Netflix’s Reed Hastings does not mince words when talking about the movie industry. He believes it needs to innovate. Asked about his company’s relationship with movie chains, he quipped:

“How did distribution innovate in the movie business in the last 30 years? Well, the popcorn tastes better, but that’s about it.”

He went on to say that Netflix could help the movie business, in the same way that cable networks and online services have helped TV:

“What Netflix wants to do is to unleash film. It’s fundamentally about growing the movie business.”

It doesn’t look like the industry is ready to change any time soon, at least according to Stacey Snider, head of 20th Century Fox Film. Speaking at a movie industry event at UCLA she commented:

“Eventually I would imagine, I’m speaking as an observer, the studios will need to find their own platforms and create our own direct-to-consumer opportunities. It’s a vital conversation to be having, and we can all leave with saying that one-size-fits-all doesn’t work in today’s marketplace.”

Speaking at the same event, a panel of experts agreed that changes in how movies get to fans won’t happen anytime soon.

Can the movie industry afford to wait?

The U.S. box office struggles on

Things do not look great at the box office in the U.S. According to The Numbers, the number of movie tickets sold has hardly changed in 20 years. In 1996, 1.31 billion tickets were sold, and in 2016 1.33 billion were sold.

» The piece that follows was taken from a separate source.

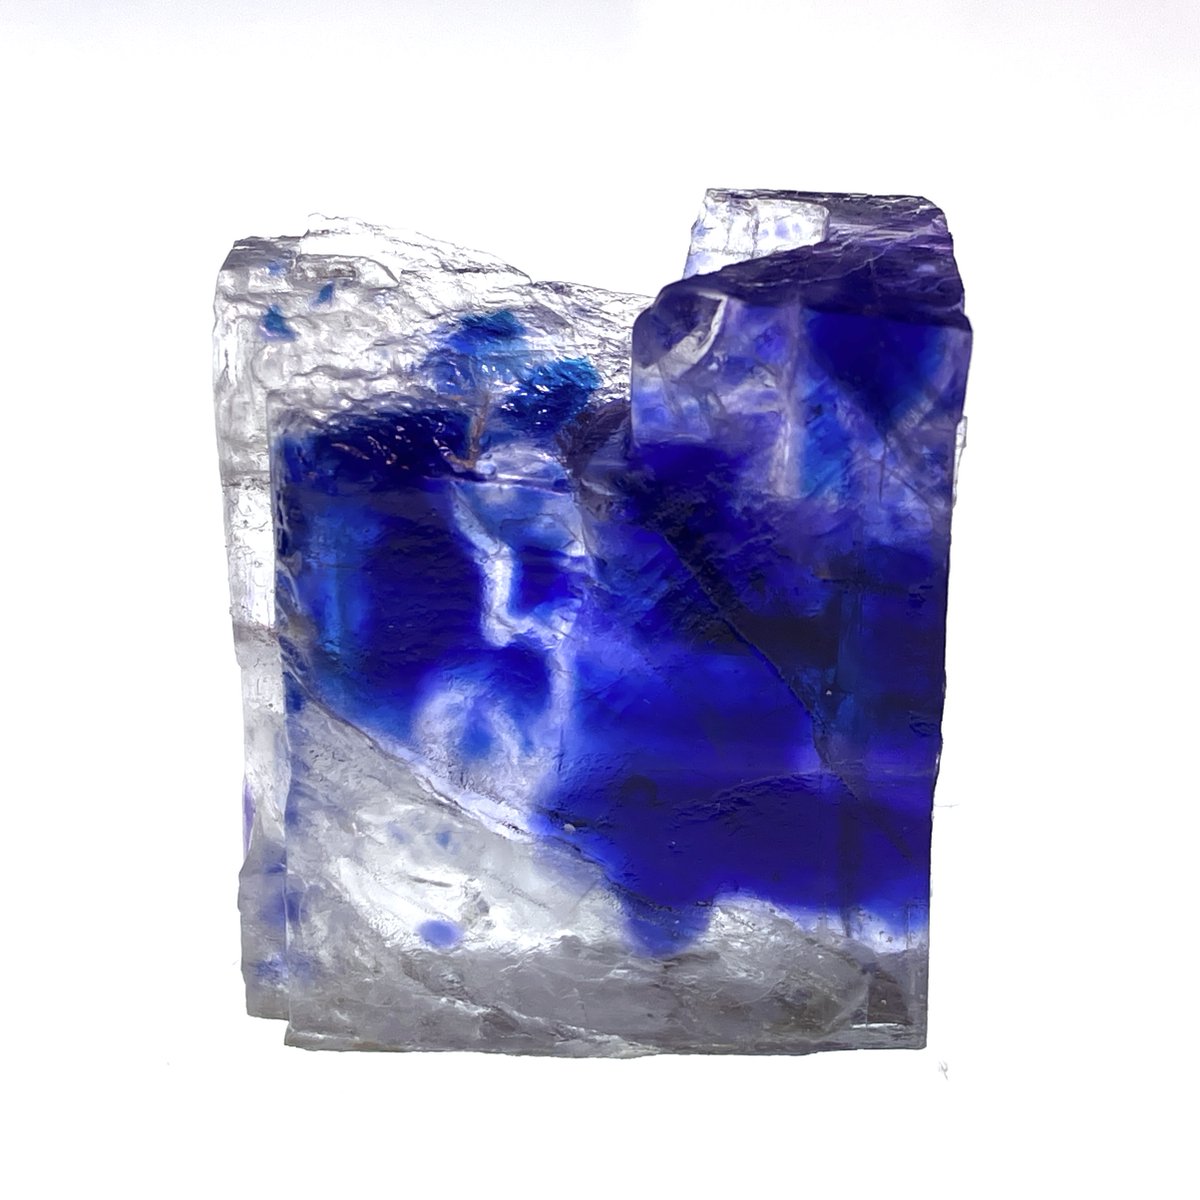 「東京ミネラルショー2022 戦利品①・岩塩(Halite)・藍鉄鉱(Vivian」|sachiのイラスト
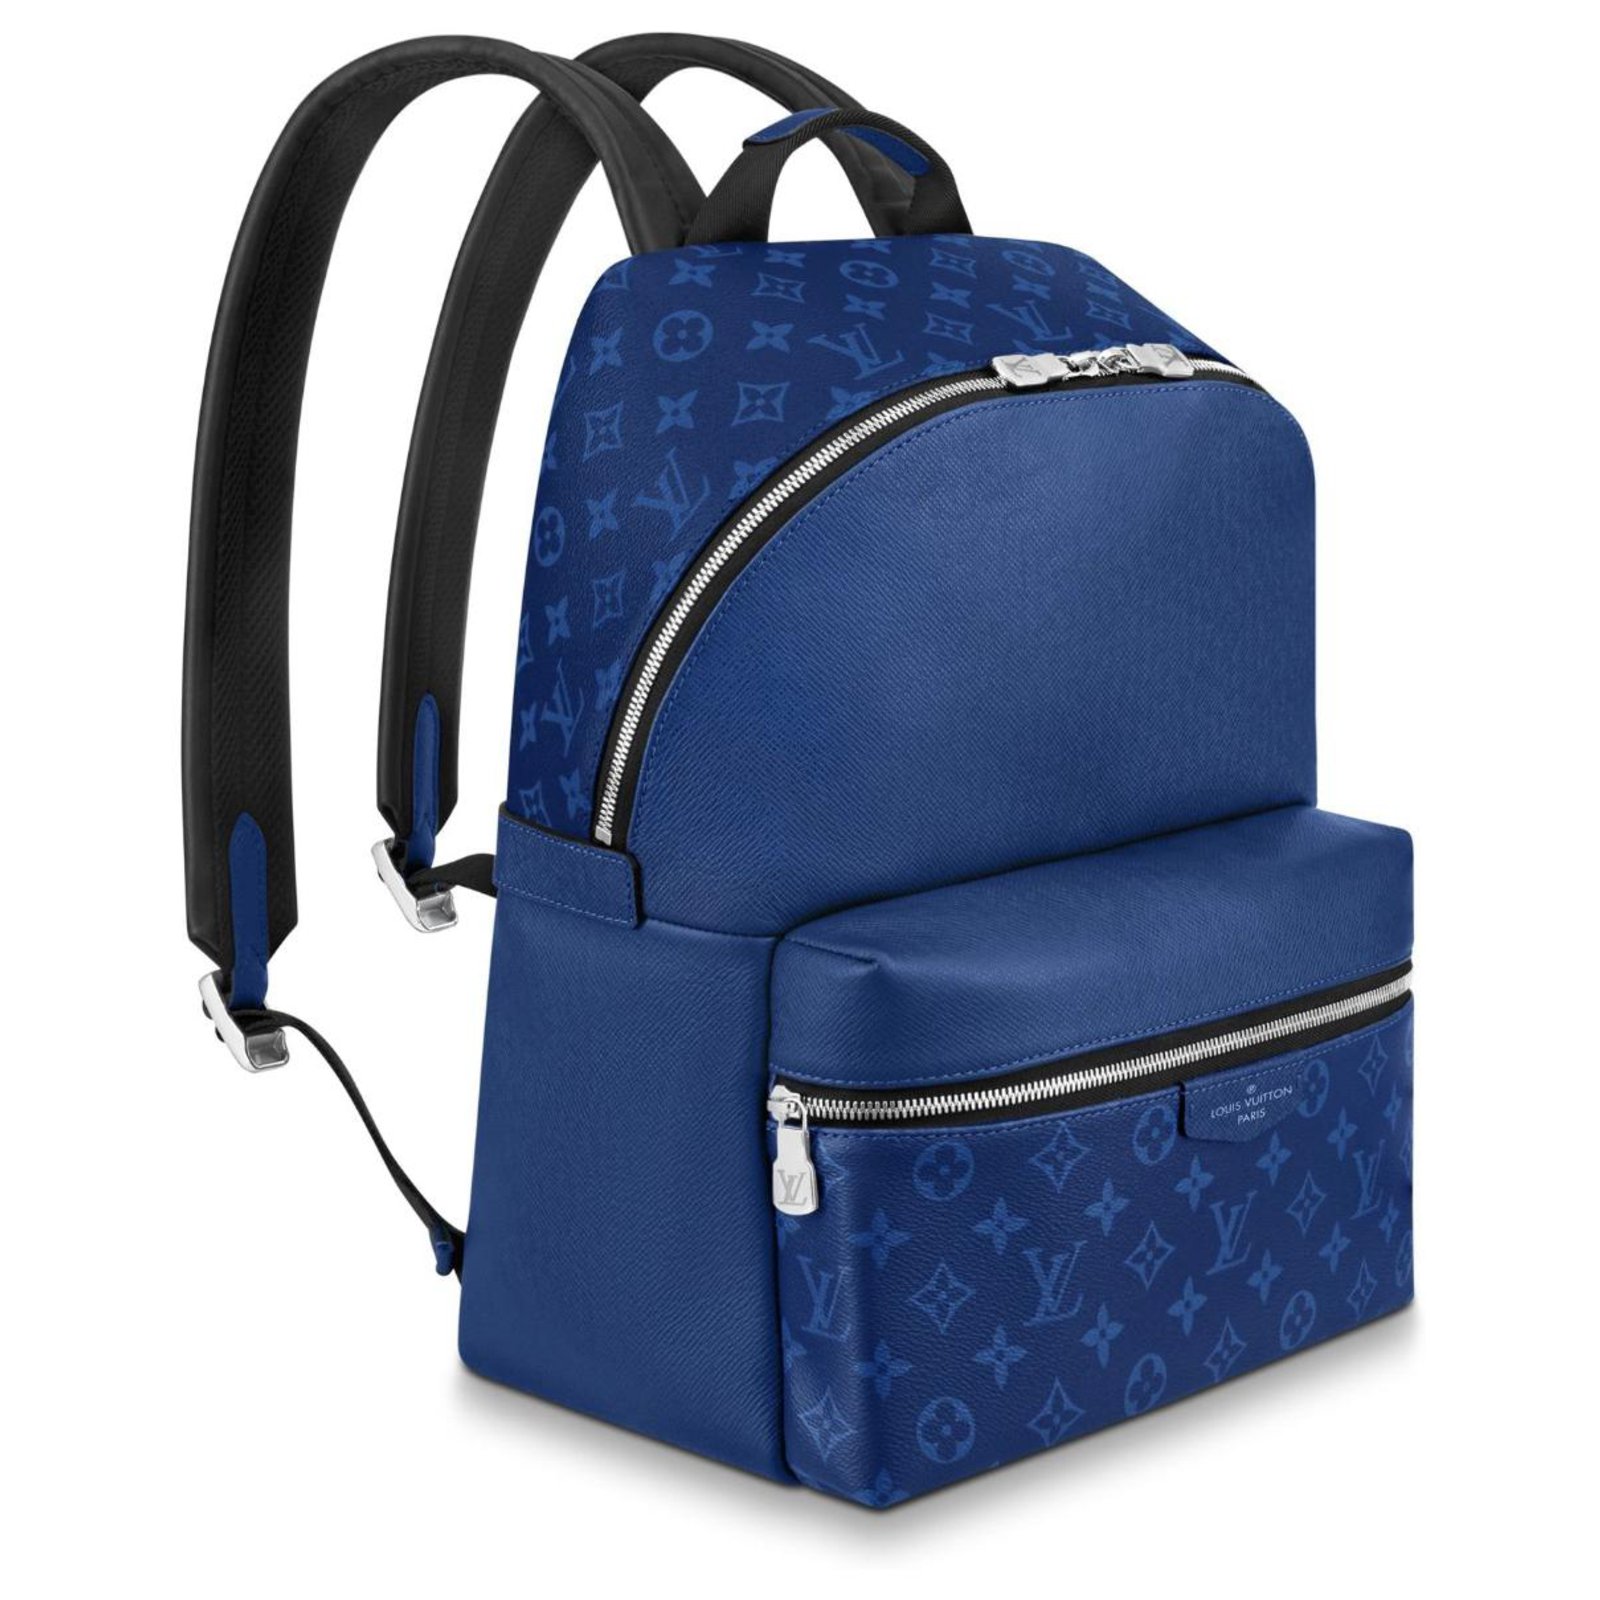 blue lv backpack

Over that time, the US population has increased from 269.4 million to 323.3 million, a 20% increase.  Looked at another way, the average number of tickets purchased per person in 1996 was 4.9 and in 2016 was 4.1.

The revenue picture looks a little better, thanks to a rapid rise in ticket prices. Total box office has increased from $5.8 billion in 1996 to $11.3 billion in 2016. However, adjusted for the inflation things don’t look nearly as exciting. In 2017 dollars, the box office was $11B in 1996 and $11.3B in 2016.

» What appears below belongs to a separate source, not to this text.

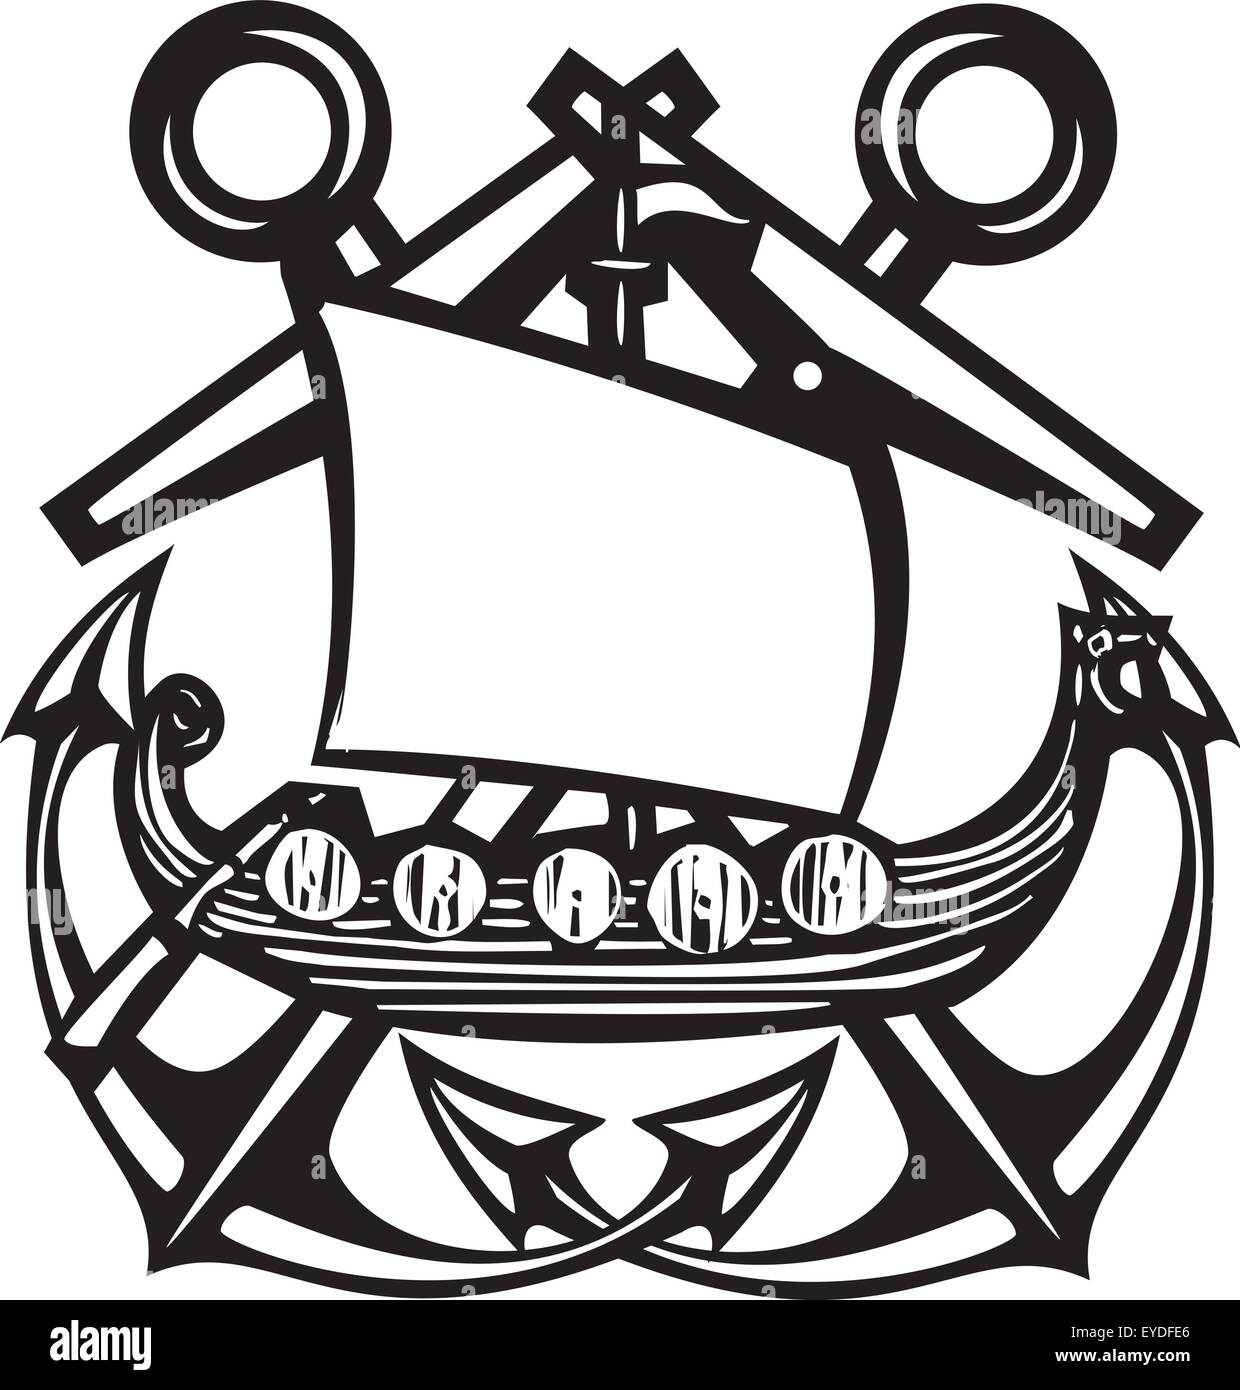 Gravure sur bois croisés avec ancres flottantes style viking ship Illustration de Vecteur

$3B in movie revenue erased since 2014

However, the real problem for Hollywood isn’t box office sales. It’s the collapsing disc market. In 2013, physical disk sales in the US amounted to $7.8 billion, according to DEG numbers. In 2016, that has fallen 30% to $5.5B. Some of that revenue has transferred to electronic sales, which has increased $0.9 billion between 2014 and 2016. That still leaves $1.4 billion which has vanished from studio bottom lines.

Although not all the losses have been born by the studios, the collapse of the movie rental market has erased another $1.5 billion in revenue. The rental market for movies (physical and digital) has declined from $6.1B to $4.6B between 2014 and 2016.

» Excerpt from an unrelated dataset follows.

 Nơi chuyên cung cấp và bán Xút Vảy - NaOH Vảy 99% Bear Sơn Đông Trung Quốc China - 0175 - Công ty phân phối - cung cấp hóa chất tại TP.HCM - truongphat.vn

In total, consumers spent about $3B less on movies in 2016 than 2014. What did all that money go? Every penny of it went to SVOD services like Netflix. Over the same period, SVOD revenue has grown from $3.2 billion to $6.2 billion.

The hidden damage to the movie industry

To be sure, the loss in movie revenue is painful. However, more damaging to the industry is the loss in time people spend watching movies. The truth is that people spend more time watching scripted shows on services like Netflix than movies. They are swapping time spent watching movies for a different storytelling experience. One that evolves over many hours, rather than in the 2-hour movie format.

If Hollywood allows this to go on consumers could end up preferring to watch Luke Cage on Netflix over many hours, to watching a Luke Cage movie in theaters.

Why it matters

Netflix says it wants to help the movie business grow. Hollywood and theaters are in no mood to play.

The movie business in the U.S. is facing stagnant box office revenues, and declining disc sales and rentals.

As well, people are swapping time watching movies for time with scripted shows.

Hollywood may need to change soon, or it may lose its audience.